Assuming that the step you want to justify is
$$\frac{1}{n} \gt 0\ \ \to\ \ 0 \gt - \frac{1}{n}$$
we just substitute in the above theorem $\frac1n$ for $b$, $0$ for $a$ and $-\frac1n$ for $c$.

however, you can't just jump straight to the conclusion $0 \in \bigcap_{n=1}^\infty I_n$ of your Step 1, because you've only shown that 0 is above the lower bound of $I_n$. You need to do the same sort of thing to show that 0.

In Step 2, there's just a bit of a muddle over signs:

Step (2):

Consider $x \in B_{ \epsilon } (0)$ such that $- \epsilon \lt x \lt 0$

Now ... $\exists m$ such that $x \gt - \frac{1}{m}$

That is $-x \gt \frac{1}{m}$ (Archimedean Property 0 Corollary 2.1.32 (b) )

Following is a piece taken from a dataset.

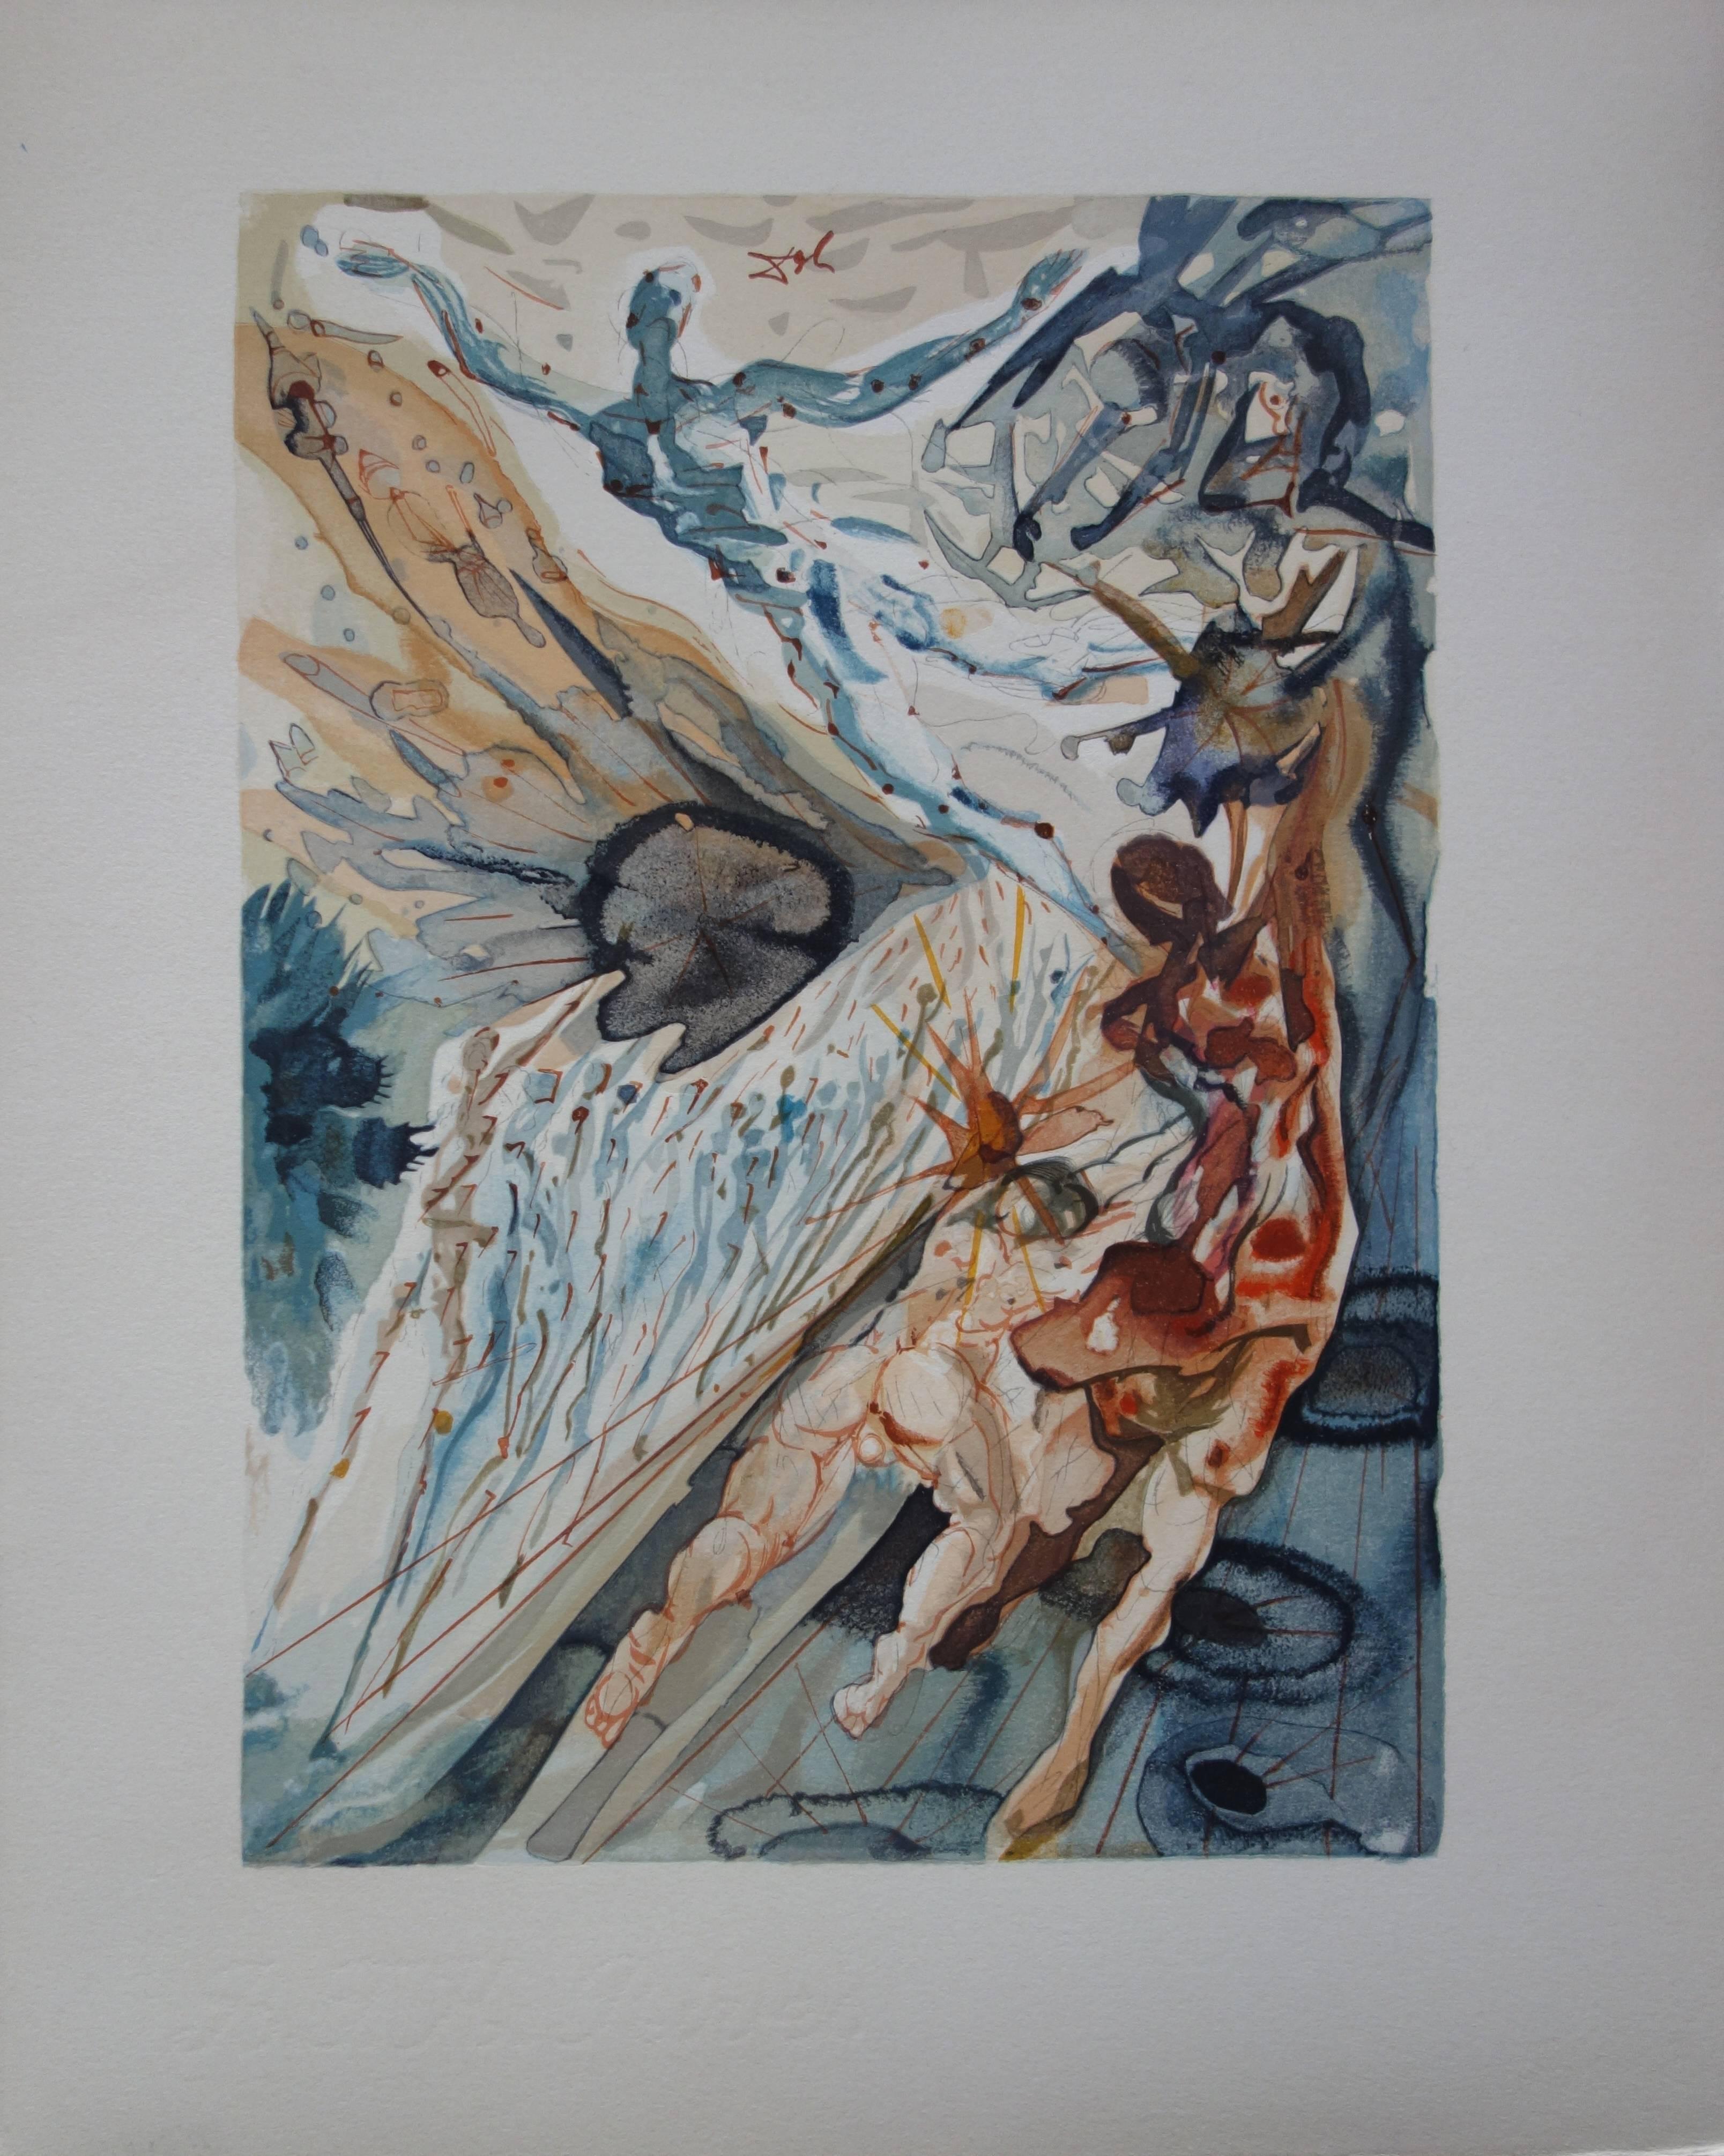 Salvador Dalí Figurative Print - Purgatory 26 - Encounter with Two Groups of the Lusty - Color woodcut

The 'that is' multiplies both sides of the inequality by -1, which means we have to reverse the direction of the inequality.

I find dealing with lots of negative signs confusing, because of that sort of thing inter alia, and hence prefer to leave negation as late as possible in a proof.

I suggest that instead you choose $x\in (0,\epsilon)$, find $m\in\mathbb N$ such that $x>\frac1m$, then show that $-x$ lies inside the ball $B_\epsilon(0)$ and outside $I_m$.